**MATERIAL PROVIDED**
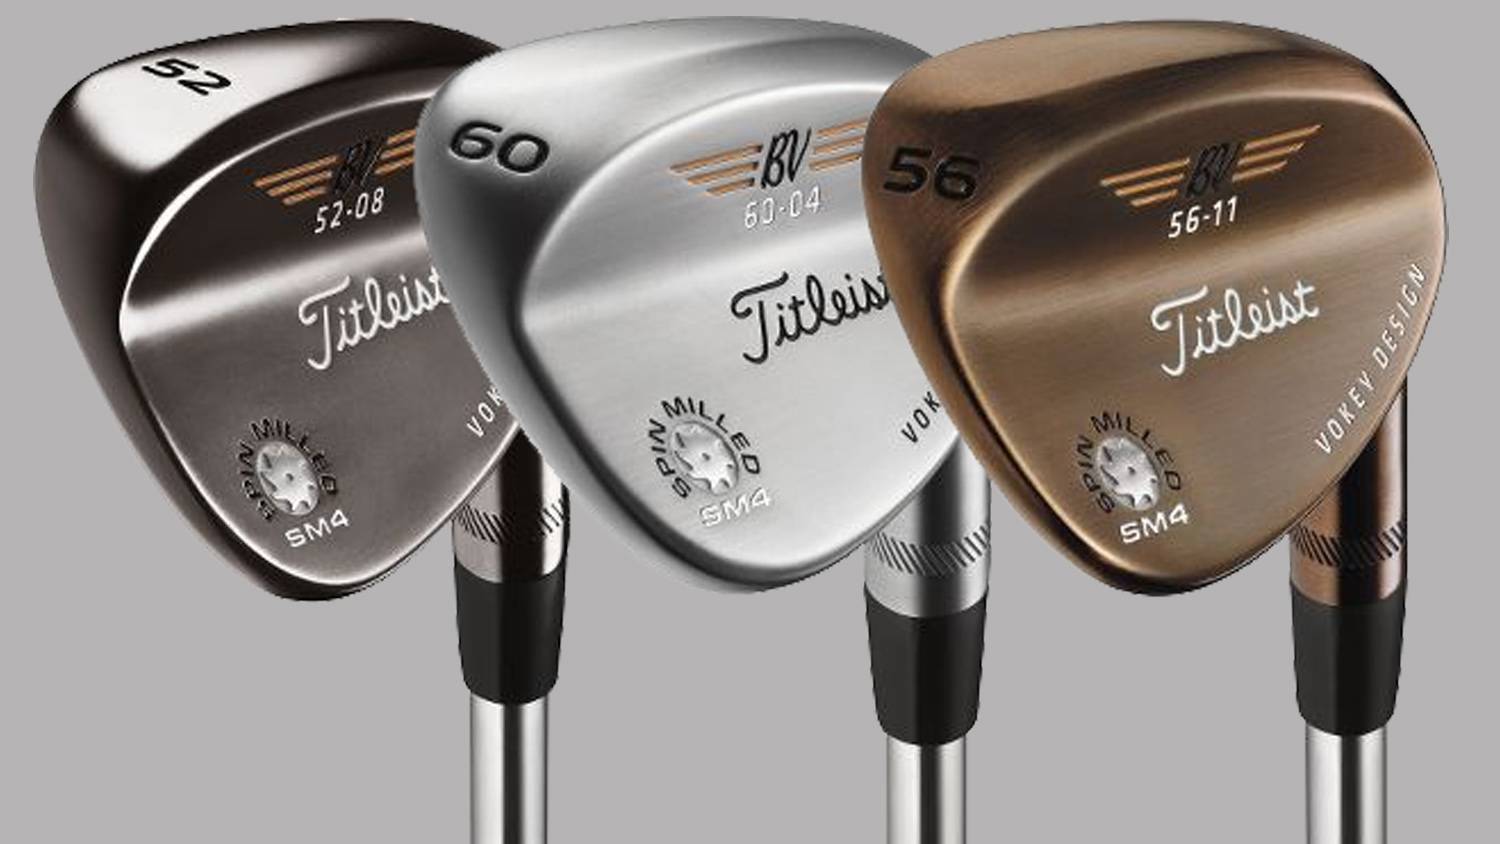 Equipment: New Titleist Vokey Design SM4 Wedges - The Globe and Mail
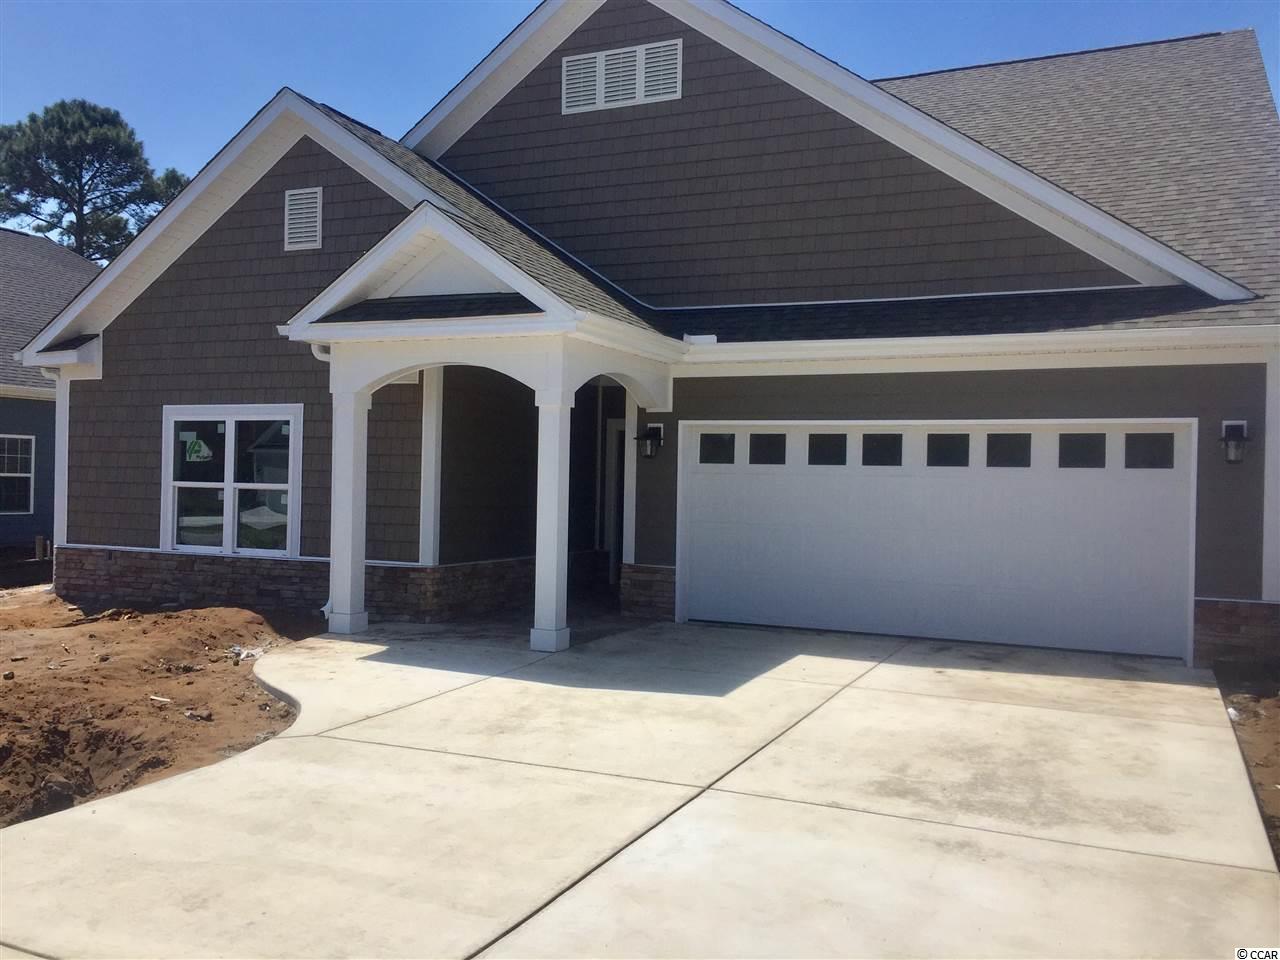 173 Swallow Tail Ct. Little River, SC 29566
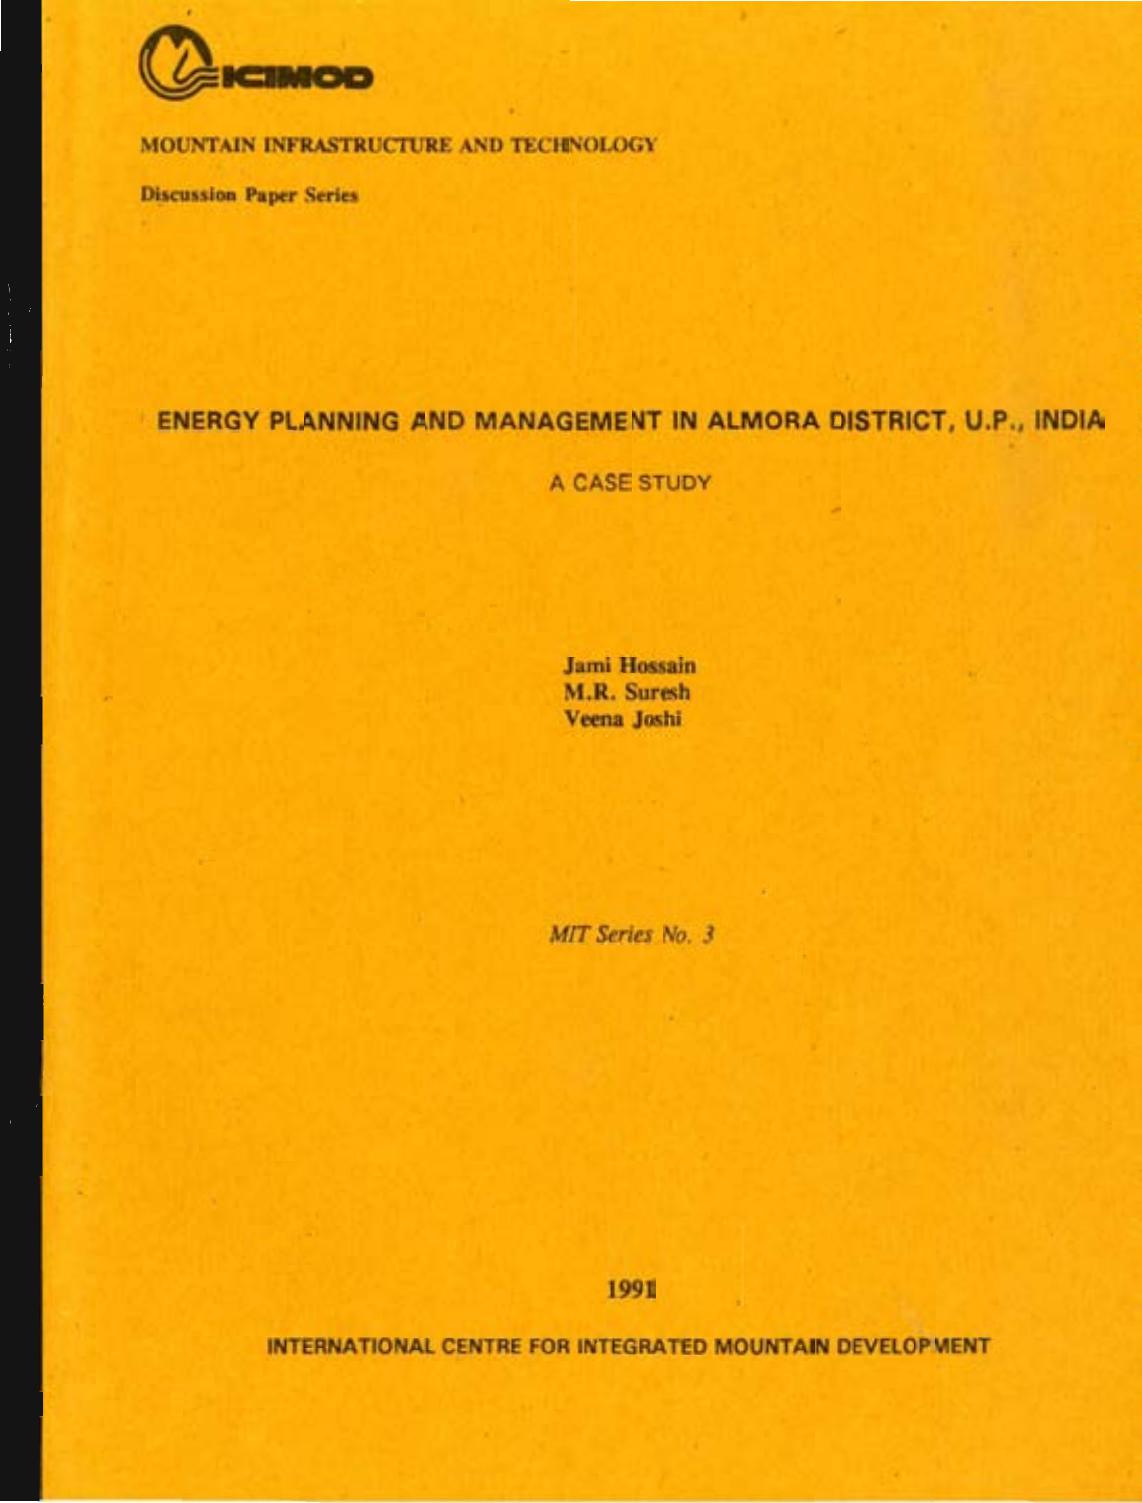 Energy Planning And Management In Almora District, U.P. India; A Case Study
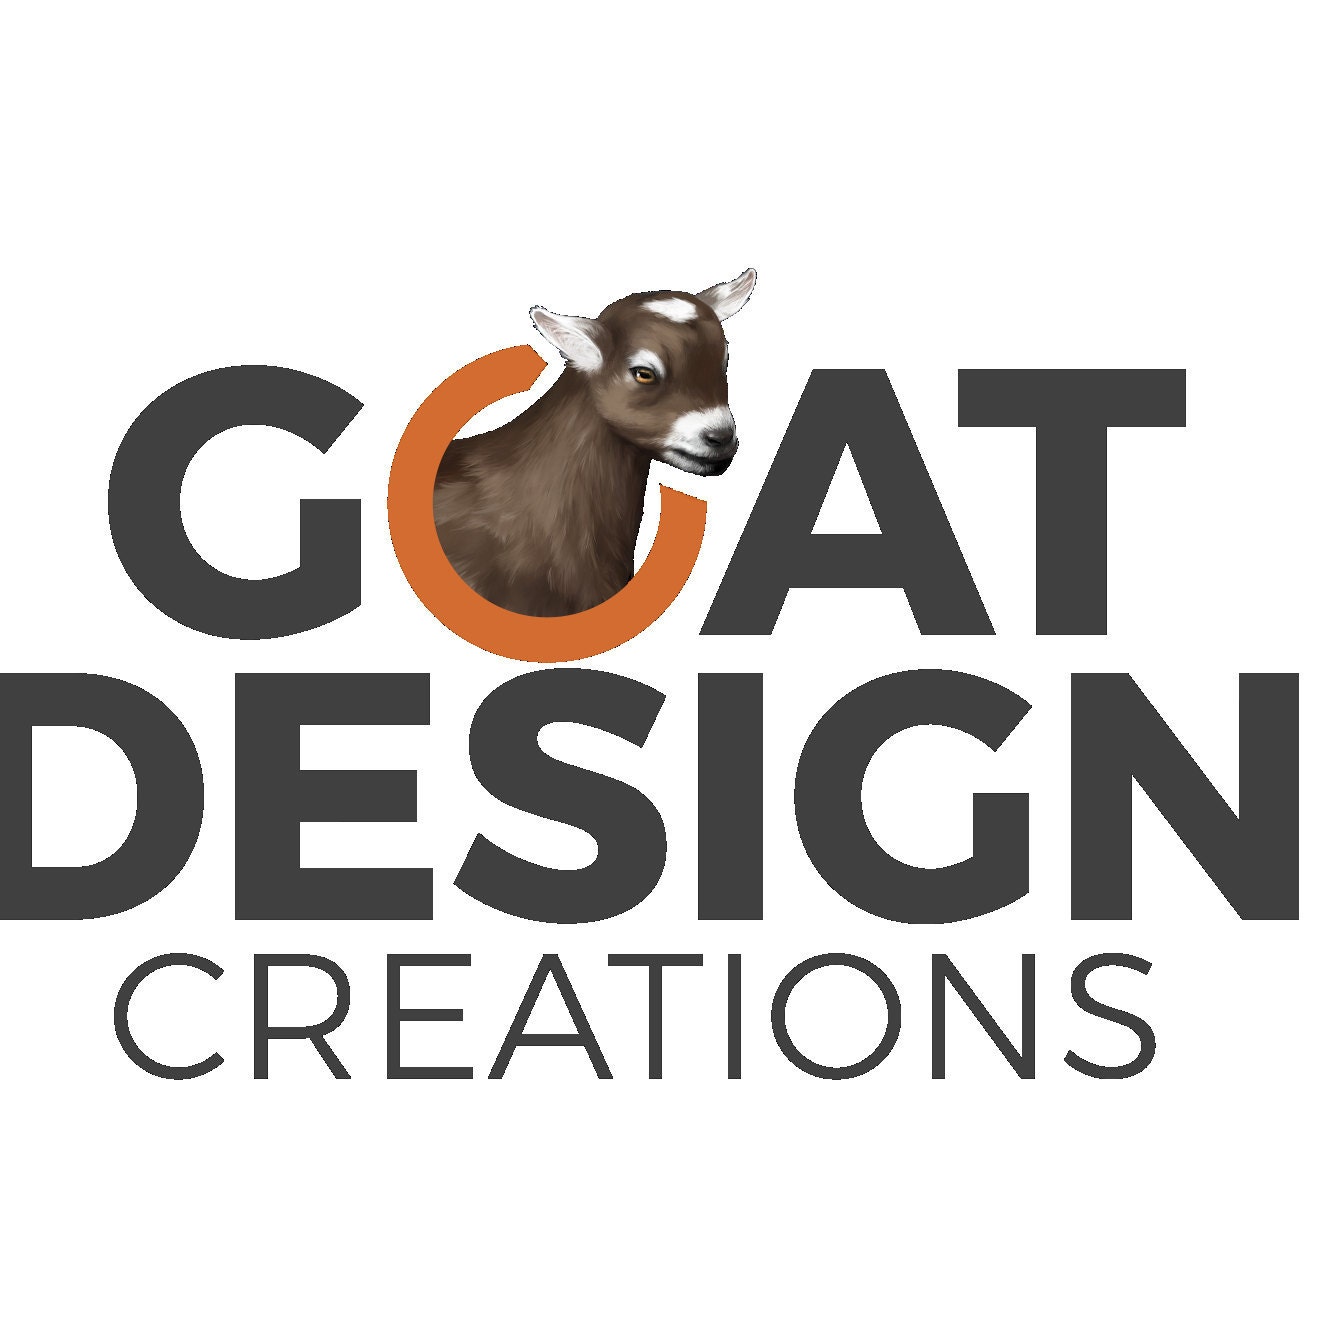 Goat themed gifts for everyone by Goatdesignscreations on Etsy
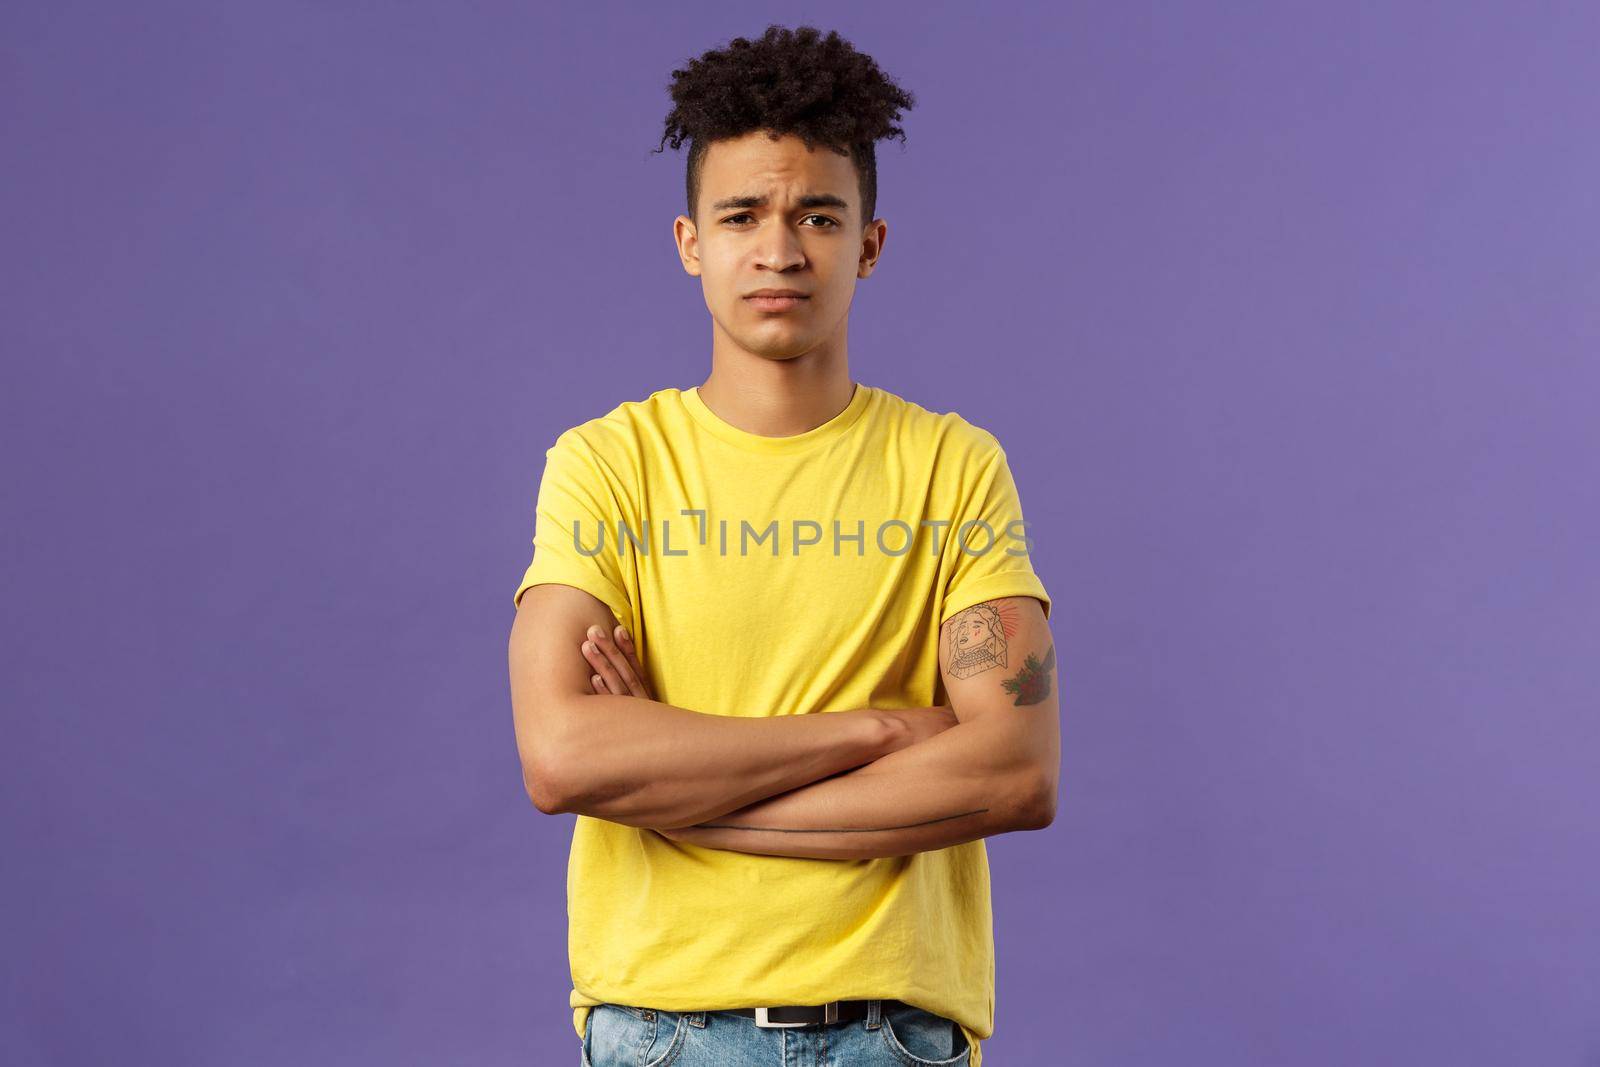 Close-up portrait of skeptical, unimpressed young man with dreads, look judgemental and uninterested, cross arms chest, go on impress me, smirk disappointed, purple background.

**EXERCISE OBJECTIVE**
Write out exactly the lines from the line that contains "Goat themed gifts" through the end of the material, including both ends. No pictures belong in the copy.

**SOLUTION**
 Goat themed gifts for everyone by Goatdesignscreations on Etsy
 Close-up portrait of skeptical, unimpressed young man with dreads, look judgemental and uninterested, cross arms chest, go on impress me, smirk disappointed, purple background.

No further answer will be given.